Both business-to-business and business-to-consumer companies are increasing the amount of information they request and store. Most of this information is personally identifiable information or PII.
What is a PII breach?
A PII breach is a loss of control, compromise, unauthorized disclosure or unauthorized access to Personally Identifiable Information that is stored digitally.
PII is information that can be linked to a specific individual. Next to vital personal information such as name, social security number, credit card number, and so on, information on internet users’ online activities can be regarded as PII as well.
In this case, there are two elements. First, it contains information about a user’s actions or activities online. Next, it contains information by which that specific user can be identified. Say, a company obtains information about shopping habits. If it does not connect this information to a specific consumer, their data is not considered PII. But, in case that connection is made – and the information is deemed PII as a result – the company now has a specific duty to treat the information in a confidential and secure manner.
Even if the company has made efforts to keep PII safe and secure, PII breaches can (and do) occur.

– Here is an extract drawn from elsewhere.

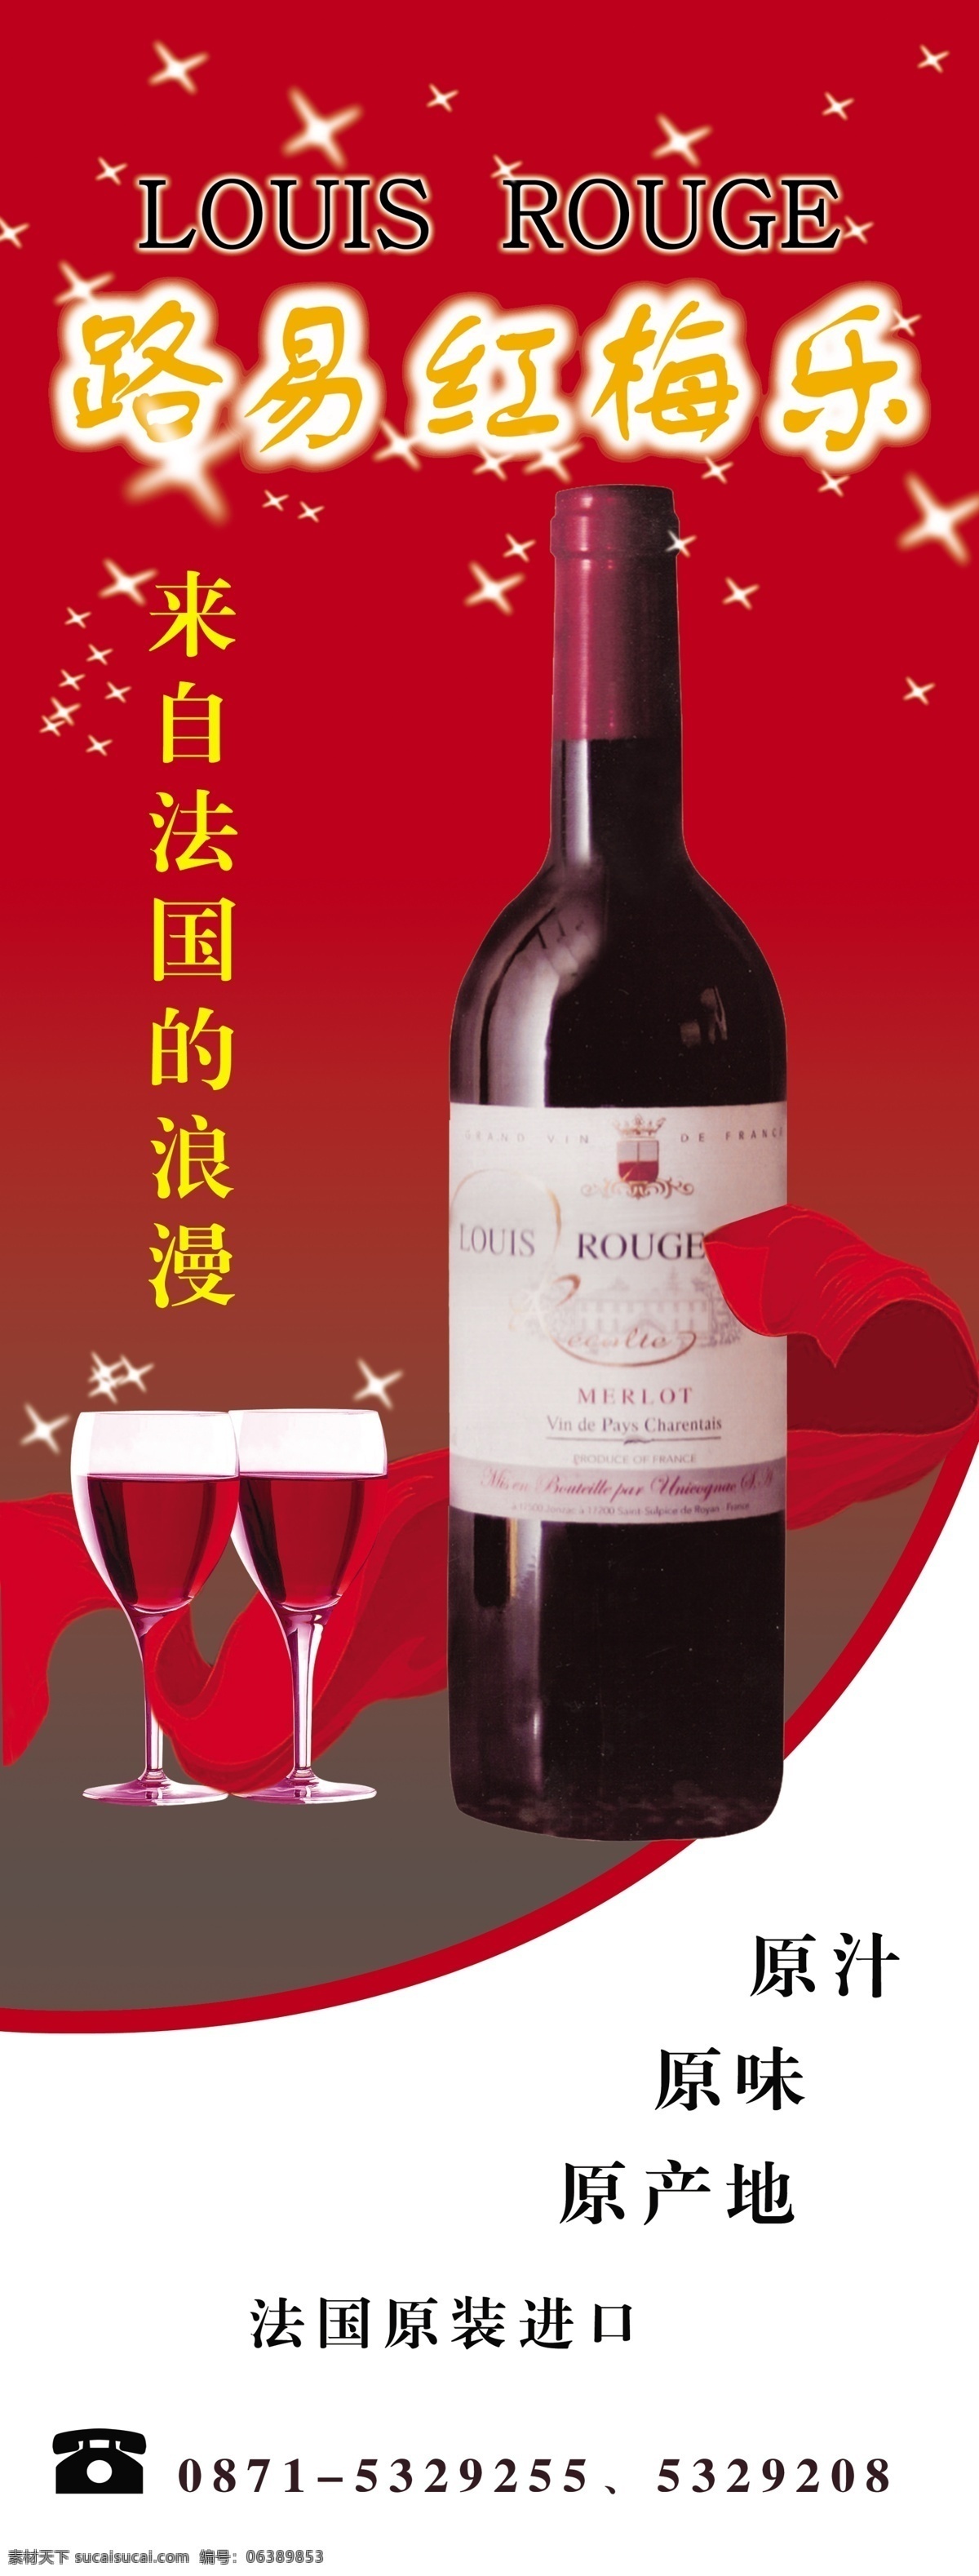 路易 红梅 乐 展板 红色 葡萄酒 红酒 浪漫 法国红酒
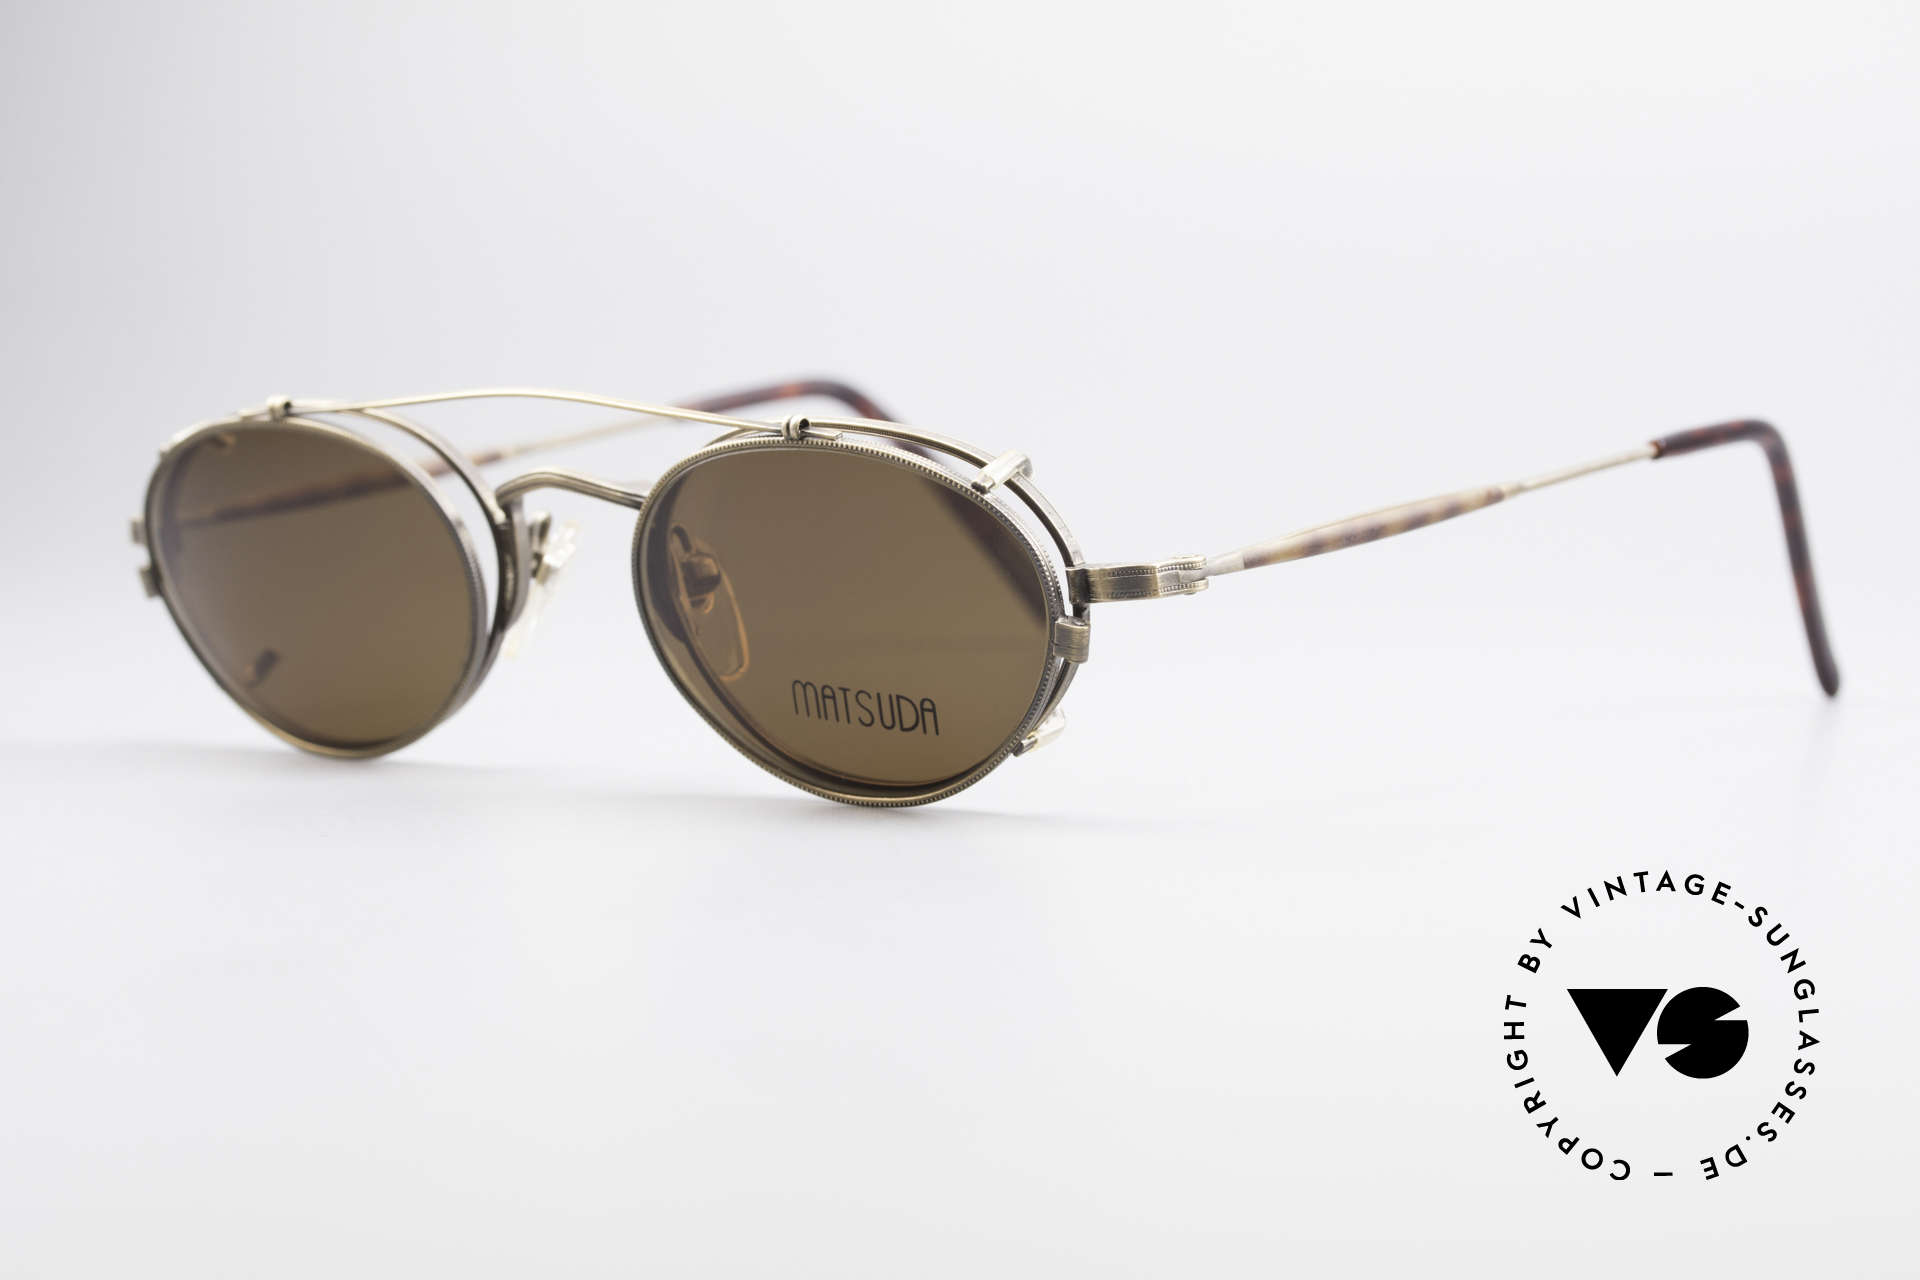 Matsuda 10102 Steampunk Vintage Brille, also einer Sicht auf die Zukunft, aus einer früheren Zeit, Passend für Herren

Of utmost importance is to take the correct actions when such a breach occurs, making sure any damage is limited and the source of the breach is found and secured promptly.
These actions allow for the company involved to reduce the change of being sued or prosecuted, thereby reducing costs and limiting reputation damage.
Have a plan in place
In order to minimize financial or any other loss, it is important for any company which deals with PII to have a plan in place in case of a breach. Indeed, in spite of all preventive measures the company may have undertaken, it is still quite likely for a breach to occur – and as such, it is important not to be caught by surprise.
The plan should include a definition of PII, what constitutes a PII breach, when and how a PII breach should be dealt with internally, and what external parties (usually clients or customers and the Attorney General) should be notified. Next, to this, the plan should lay out in fine detail what kind of forensics will be carried out and by whom. Forensics can be done by the Attorney General, an insurance company or an external forensic expert.
Notify in accordance with the law
Almost all states in the U.S. have specific rules and procedures in place with regards to notifying the relevant parties in case of a PII breach.
The exact stipulations differ, but most laws mention the following:
- Specific time frames for the notification and other actions to occur. These often range from five days to sixty days, depending on the state.
- Which citizens should be notified and how many. This can range from citizens being directly affected by the breach to a wider group of citizens.
- Which regulators should be notified. This can include consumer reporting agencies and the attorney general’s office.
- Which appropriate actions may be undertaken by the Attorney General as a penalty in order to ensure future compliance with the law and the recovery of economic damages.
States have been known to change these laws regularly to respond to the ever-evolving threats. As such, it is important to always check with your legal advisor before starting any notification processes.